» PROBLEM TO SOLVE: If pictures are present, leave them out, and copy the data word for word.

» INFORMATION PROVIDED:

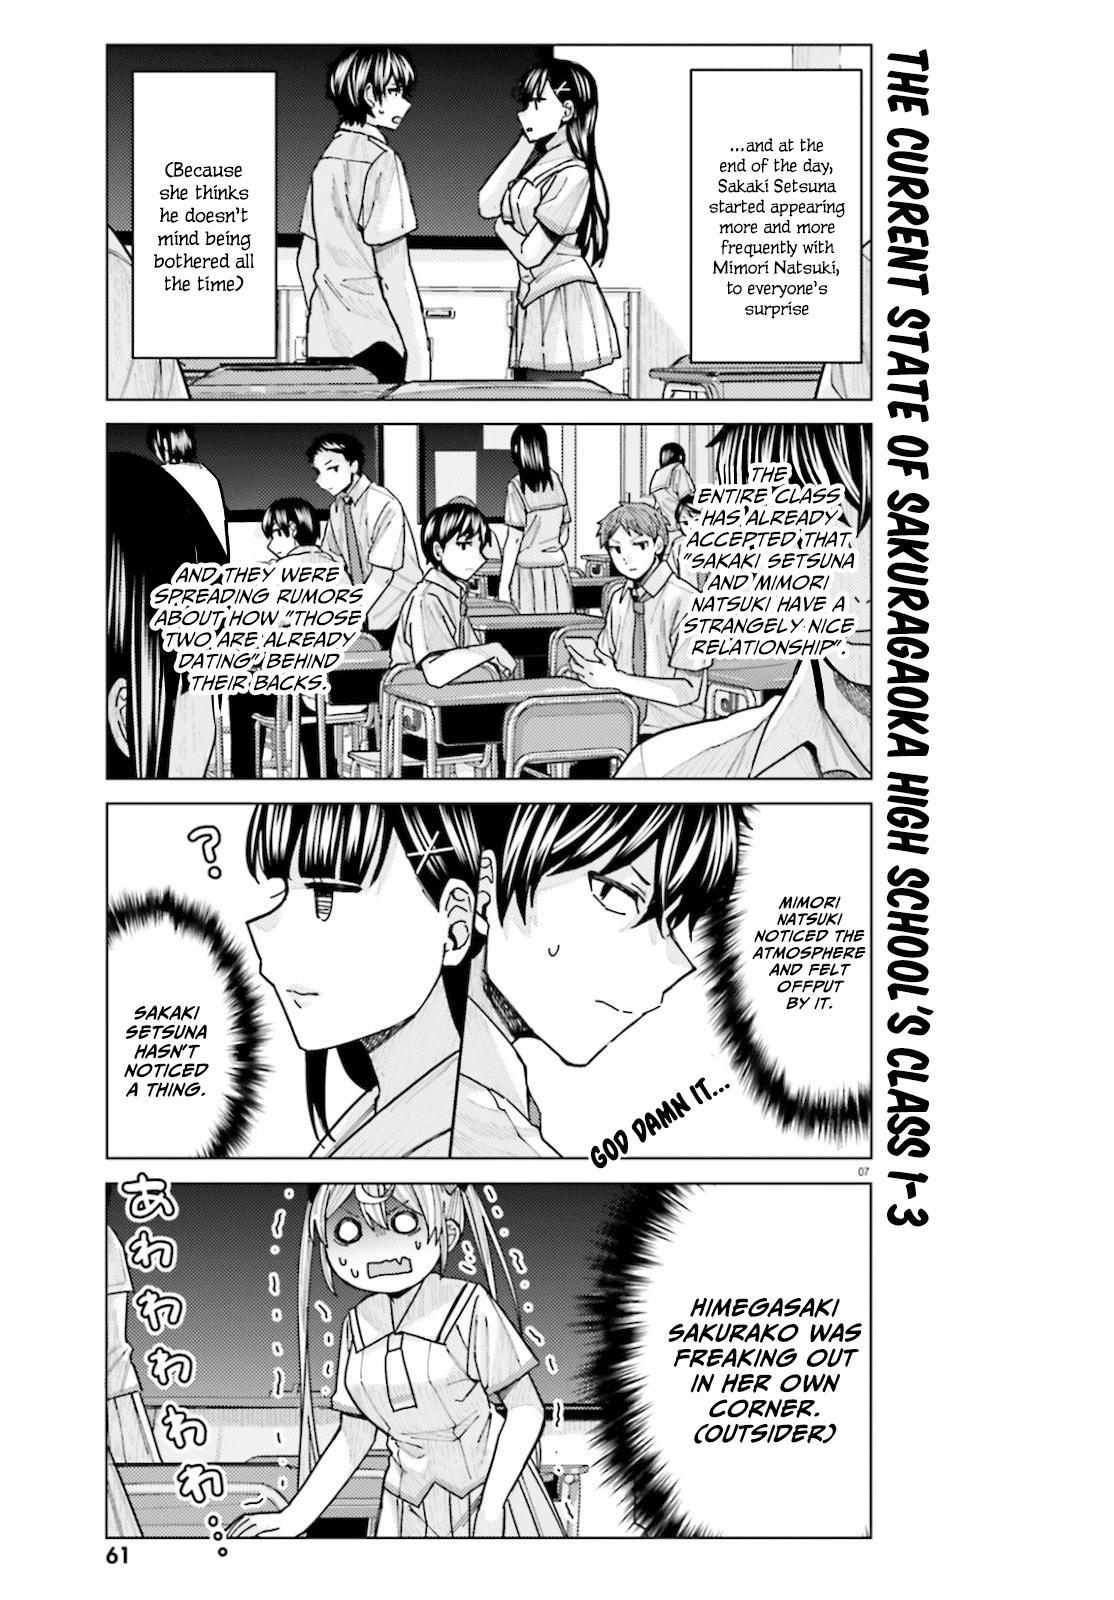 Himegasaki Sakurako Wa Kyoumo Fubin Kawaii! Chapter 11 page 7 - Mangakakalots.com
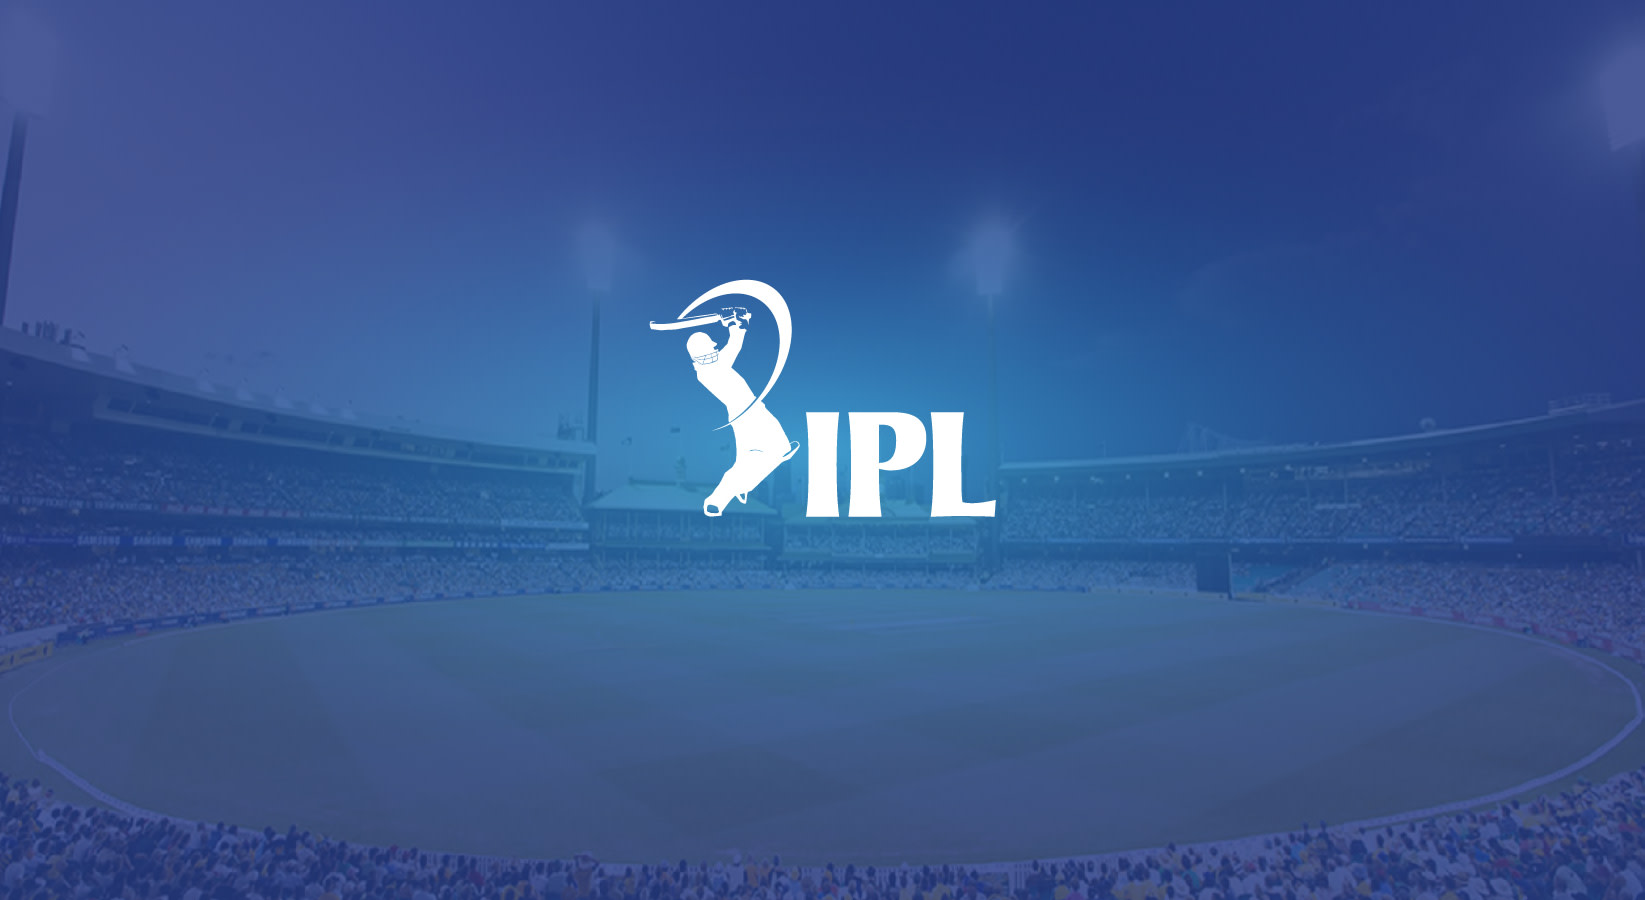 Ipl 7 match in bangalore dating
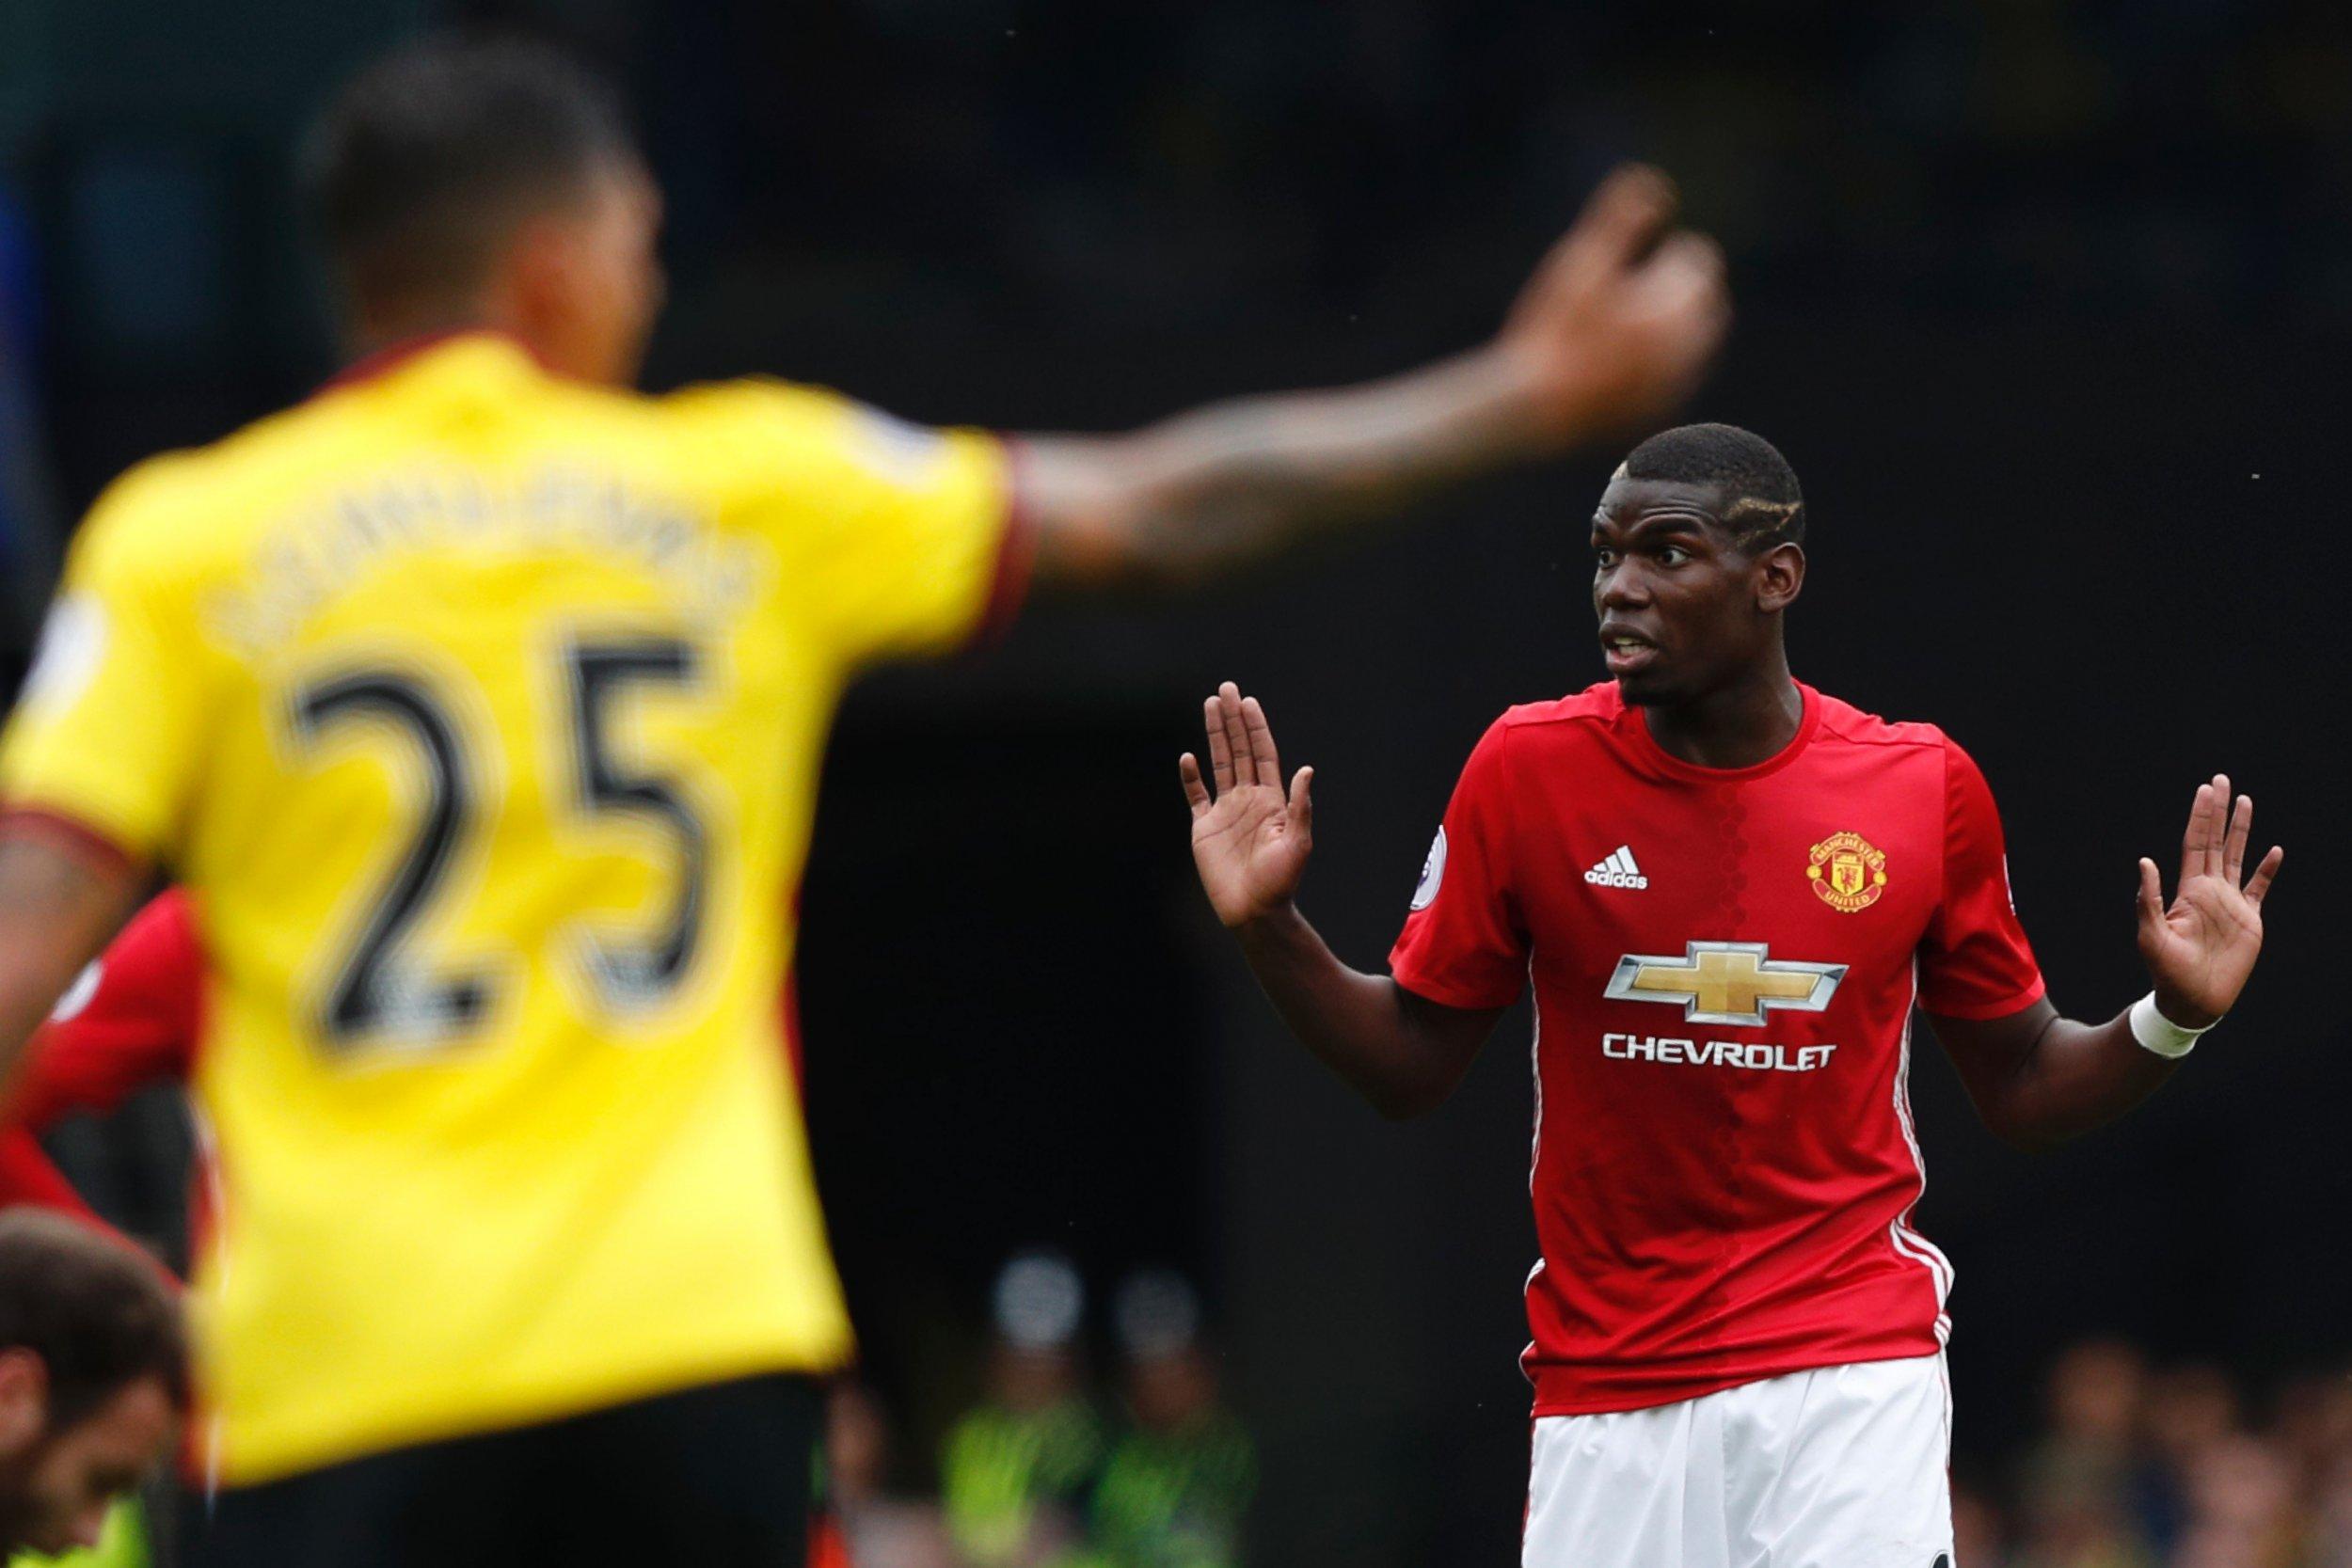 Paul Pogba: Manchester United Star Is Below Par, Admits Agent Mino Raiola

» OUTPUT BELOW:
 Himegasaki Sakurako Wa Kyoumo Fubin Kawaii! Chapter 11 page 7 - Mangakakalots.com
 Ipl 7 match in bangalore dating
 Paul Pogba: Manchester United Star Is Below Par, Admits Agent Mino Raiola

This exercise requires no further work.